I like the joy, excitement and stimulation of not-yet-knowing so the idea of planned discovery feels strangely paradoxical to me. How can we know for definite in advance what we may discover? It’s like a training course where we formulate learning outcomes in advance: ‘This is what you will learn.’ How would it be if we were to frame it differently: ‘This is the material we plan to cover. Come prepared for an exciting adventure of discovery! Who knows where the journey could lead?’
The same can be true of team meetings or conversations with colleagues. How quickly we fall into formulaic patterns and routines. It creates a sense of predictability, which can be good, yet often leads to frustration and boredom. It engenders what Heidegger calls listening as ‘already listening’, that is, listening, anticipating and interpreting through the filter of what we have already decided or believe. How different it would be if we were to meet each other in an excited spirit of inquiry!

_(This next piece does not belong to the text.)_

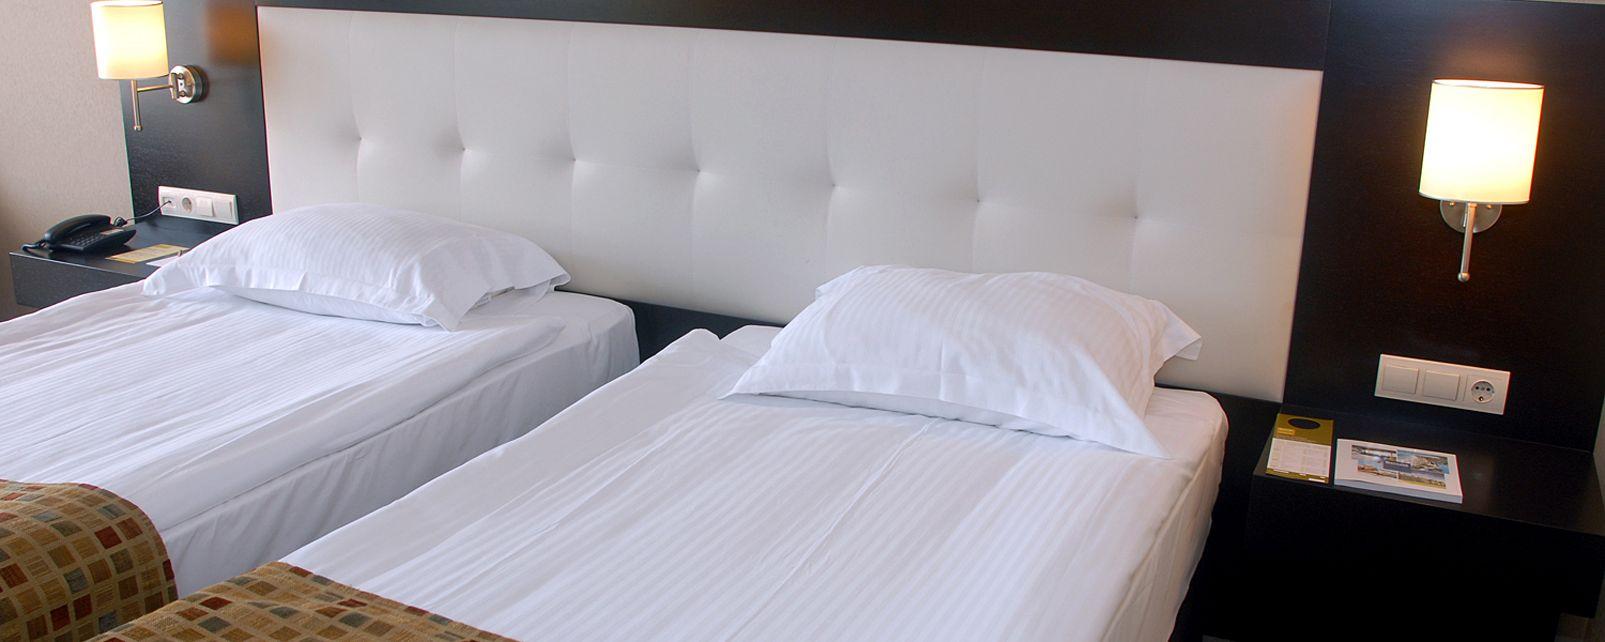 هتل بارسلو ایریسین توپکاپی استانبول

So discovery can bring fresh energy, inspiration and innovation – yet what can we do to foster the conditions for it without trying to prescribe or design it ahead of time? Here are some ideas: Firstly, practise curiosity: be willing to not-know, experiment, take a risk. Secondly, be disruptive: do something different, try a new method, meet in a different place. Thirdly, step outside: visit other organisations, join cross-cultural teams, network widely. Try it – and see what you discover!